Balkrishna Sangbang, Teacher, inquired about federalism and secularism. He said that the Social Studies Book of Grade 8 explains federalism as ethnic component alone. Is it true asked Mr. Sangbang? He further raised his concern about including Brahmin and Chhetris in 'other' categories. He was of the view that this will create problems in society and its gross exclusionary policy. Nepal should remain as Hindu state as it gives us broader identity. He also asked why should state pay to the CA members who have continuously failed to delivery constitution.

Shantbir Pakhrin asked can we have constitution from two-third majority. The current electoral system is faulty argued Pakhrin.

Som Bahadur Yonzon the biggest challenge for us is as how best to elevate the thinking of political leaders beyond and above their own political parties and small petty interests. He was of the view that we need to change in our education, health, and economic policies as an endeavour to create an egalitarian society.

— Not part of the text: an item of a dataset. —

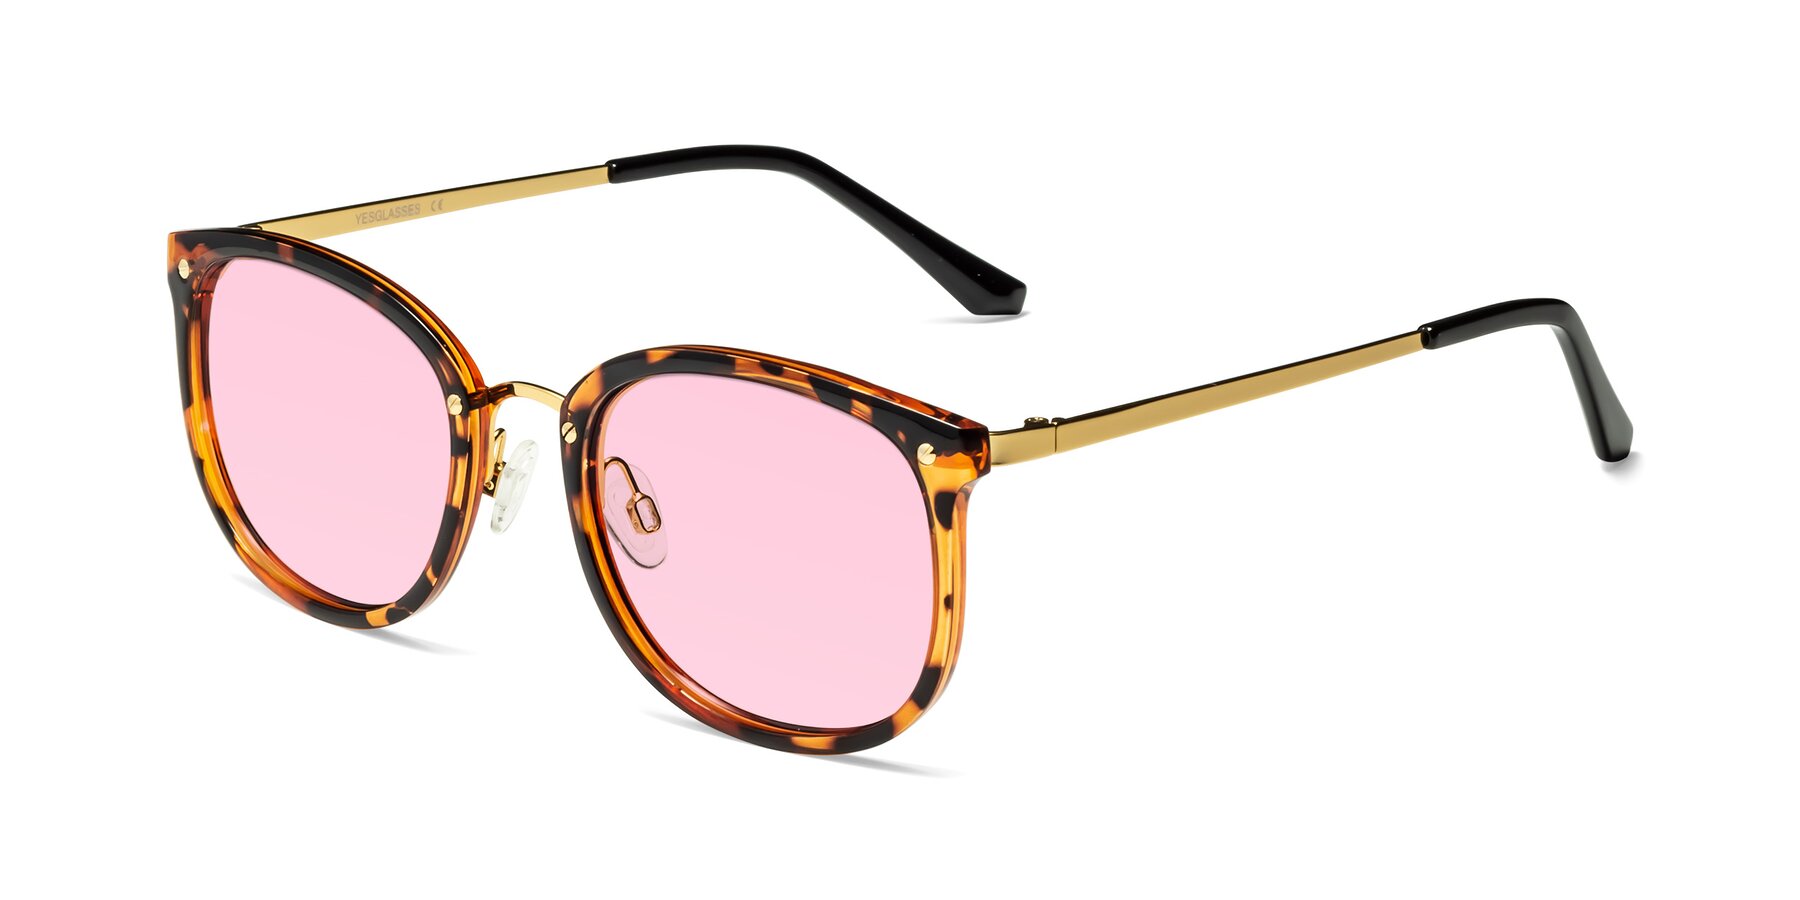 Angle of Timeless in Tortoise-Golden with Light Pink Tinted Lenses

We need to change the system wherein the political leaders are offered to go abroad for their medical check-up whereas there is nothing for people.

Rajendra Won, Student asked about the education tour should be made freely available to all the students. The budget allocated for the same should reach to the beneficiaries.


In concluding seminar Ms. Mithu Biswokarma and Mr, Bhakta Bahadur Rai have put their opinion and said that this is very good programme and should continue in the future. Likewise another respondent said also appreciated the programme. He further said that such activities would help to promote common national identity which is essential for statebuilding in Nepal. With regard to the statebuilding process in Nepal, in recent times, it has met many obstacles. Such obstacles can be addressed with the promotion of civic education at various layers of society. This also helps to build civic political culture in society. Civic education cultivates knowledge and traits that sustain democratic self-governance. In recent times, many aspects of our civic life have become dysfunctional and there is an urgent need to revive them. This can also strengthen democracy and contribute harmonise state-society relations. The discussion here reveals that there is a great deal of frustration towards the current political issues and federalism and inclusion have become the major bone of contention. Sudden arrival of these issues for mere political benefit has radicalised Nepali society. This needs to be fixed-up for the better, prosperous and shared future. By conducting seminars in different parts of the country FES has been successful enough to in identifying the connectors of society.